Top of Available data
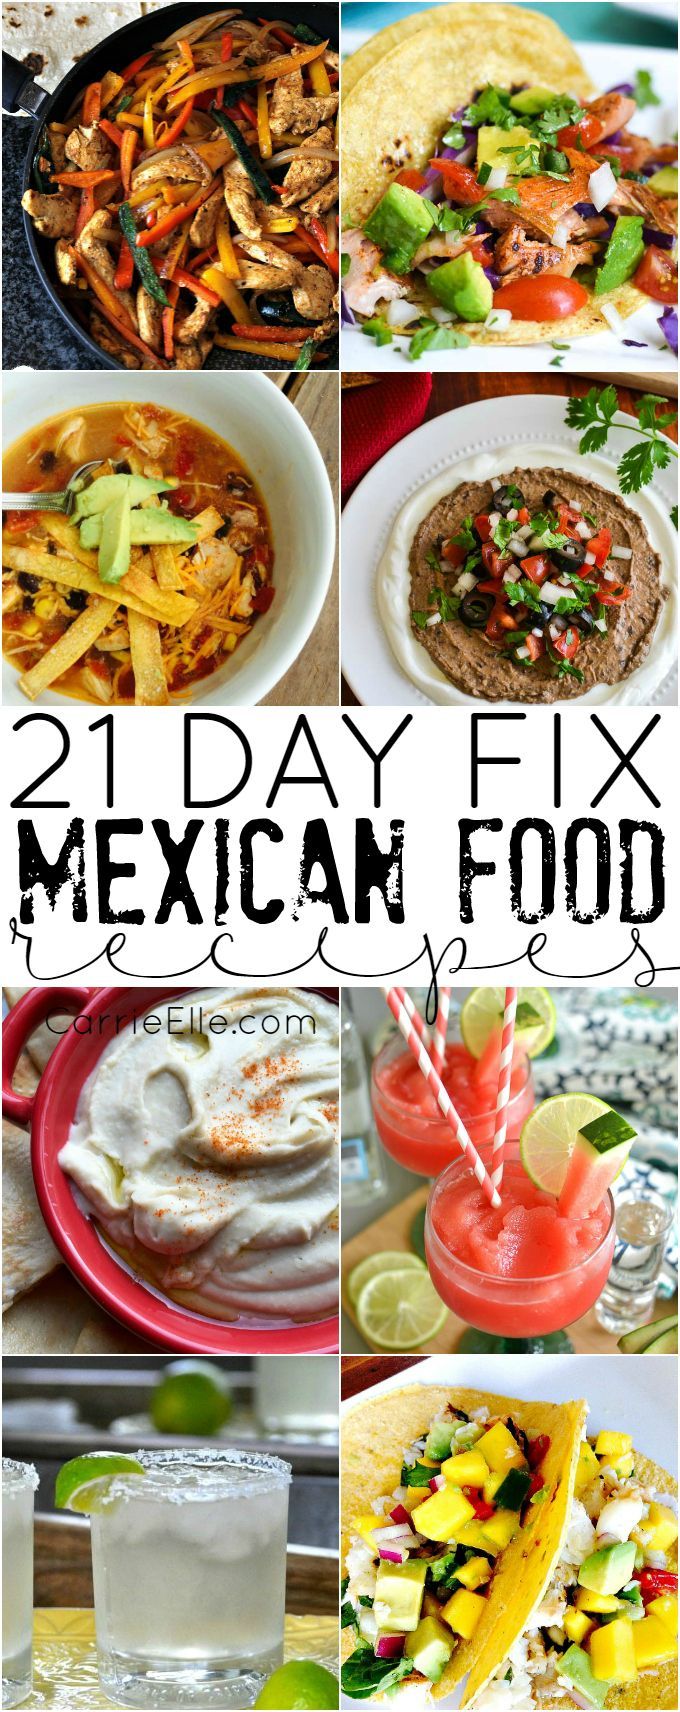 21 Day Fix Mexican Food Recipes
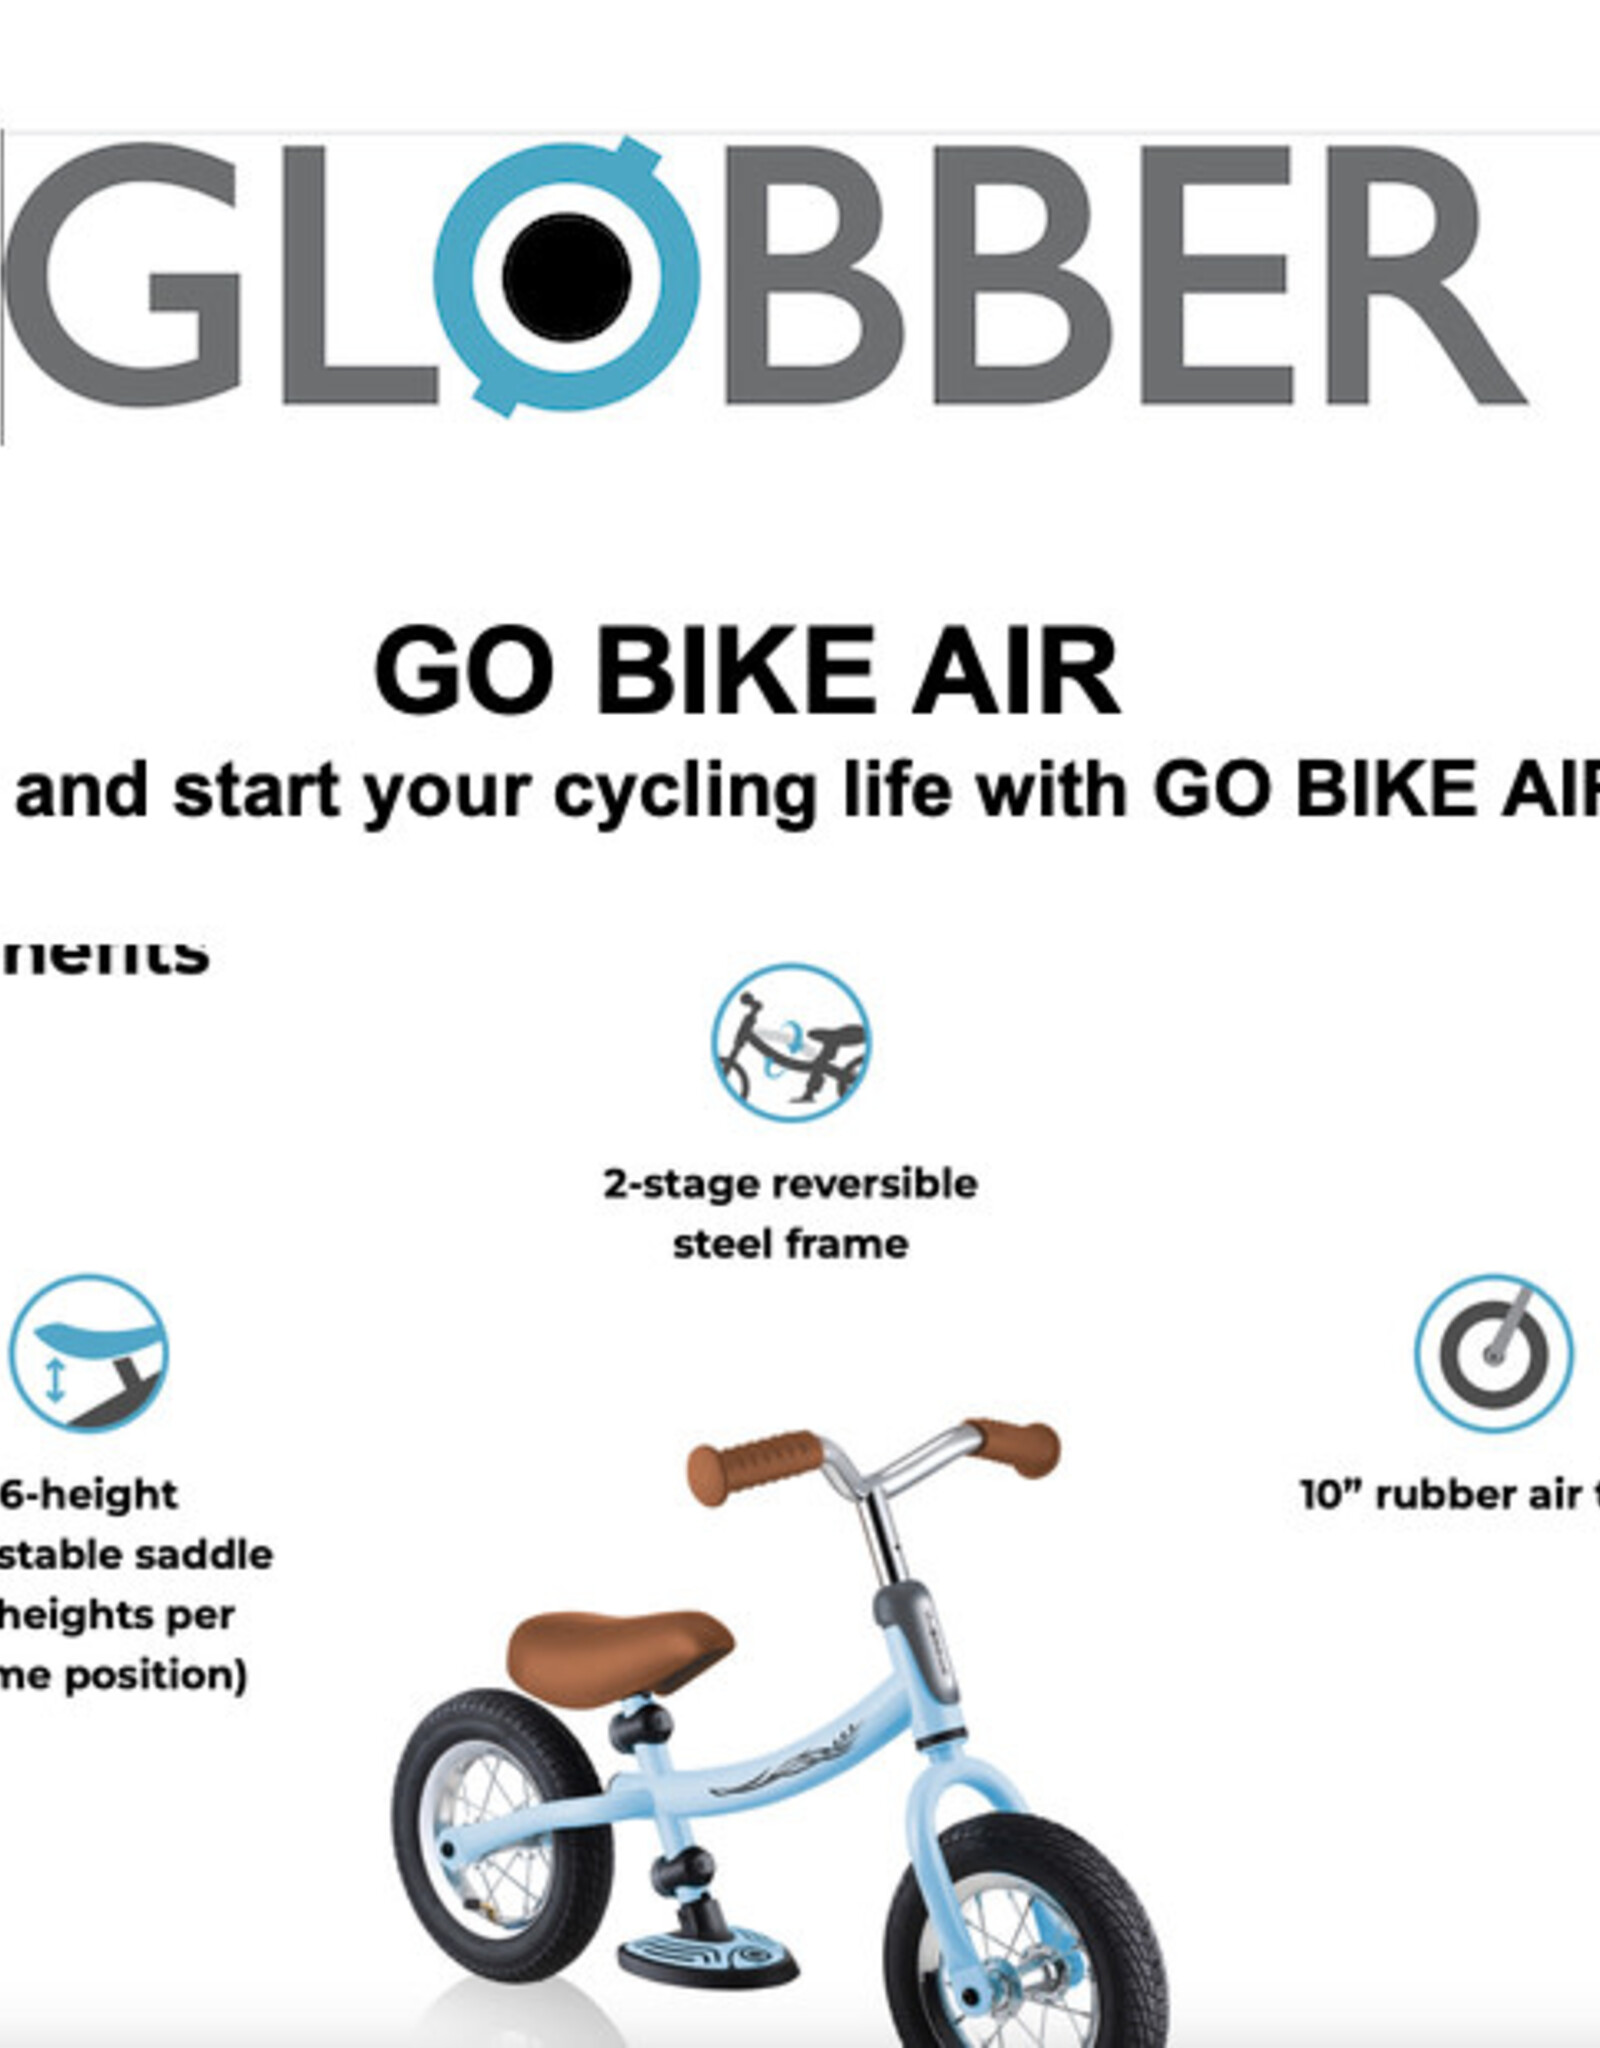 Globber Go Bike Air
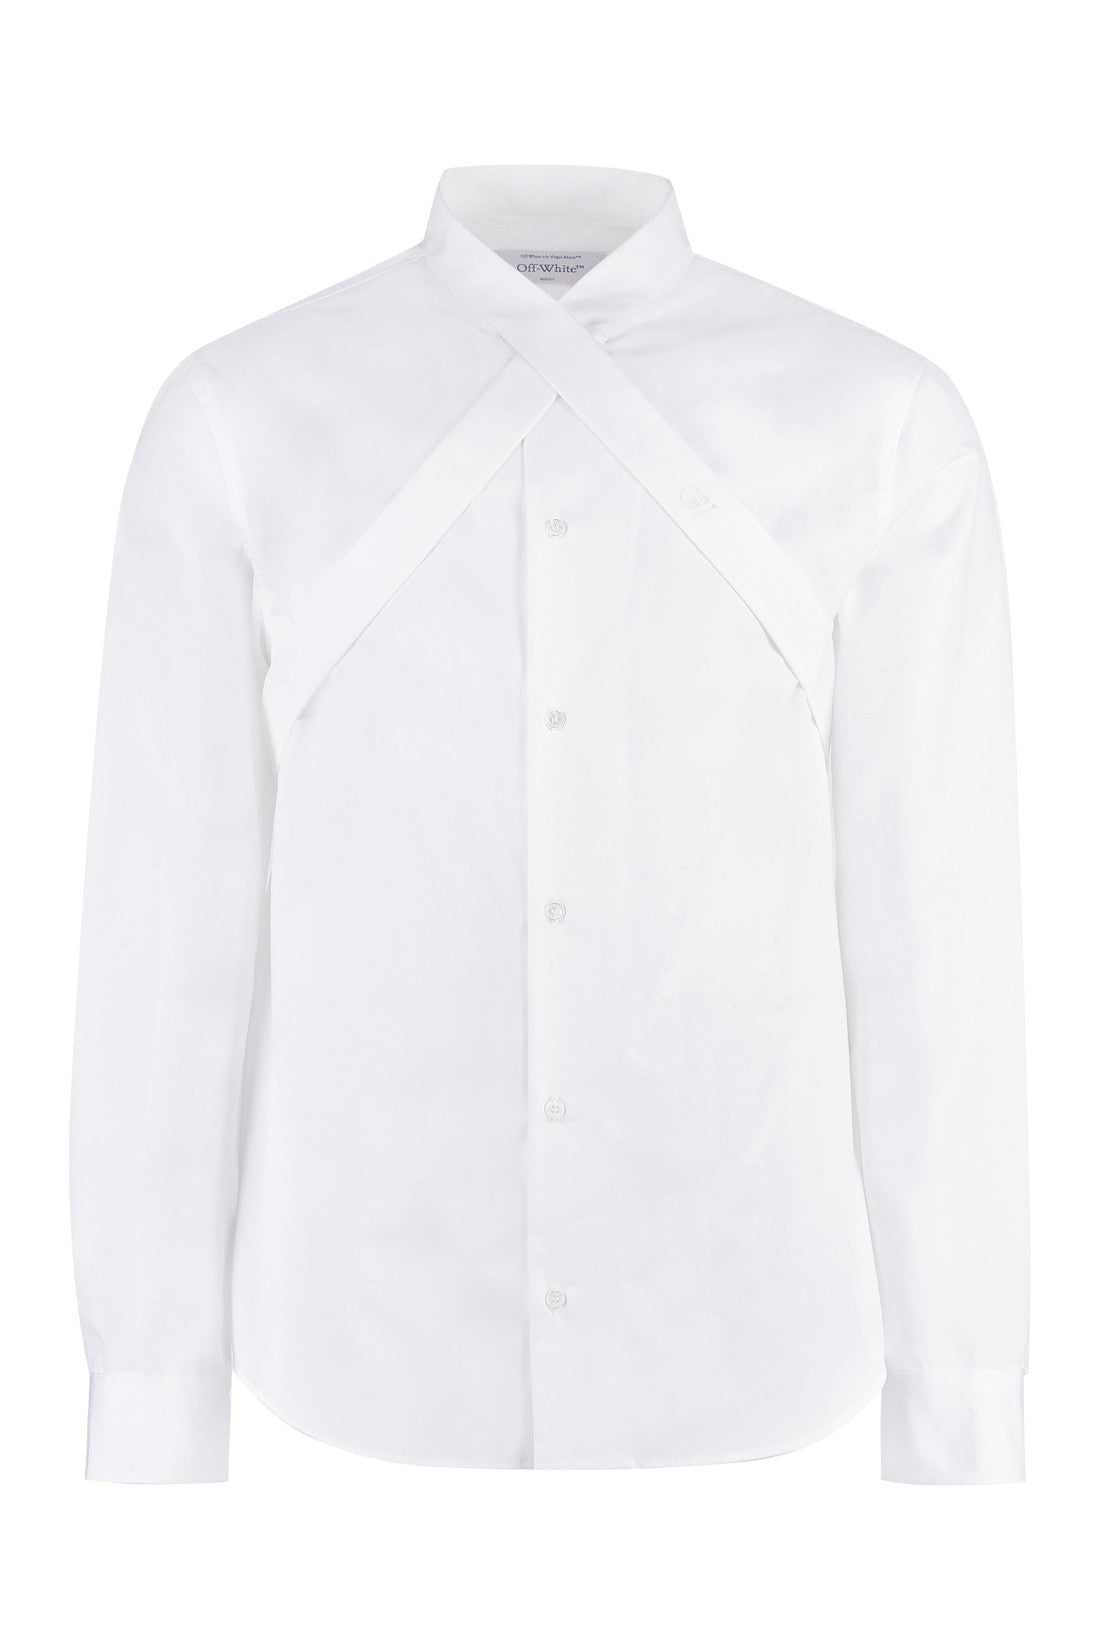 Off-White-OUTLET-SALE-Cotton shirt-ARCHIVIST
Bottom of Available data
Problem requirements:
Omit the pictures and write out exactly the lines from the one containing "Globber Go Bike Air" through the last line of the material.

Completed exercise:
 Globber Go Bike Air
 Off-White-OUTLET-SALE-Cotton shirt-ARCHIVIST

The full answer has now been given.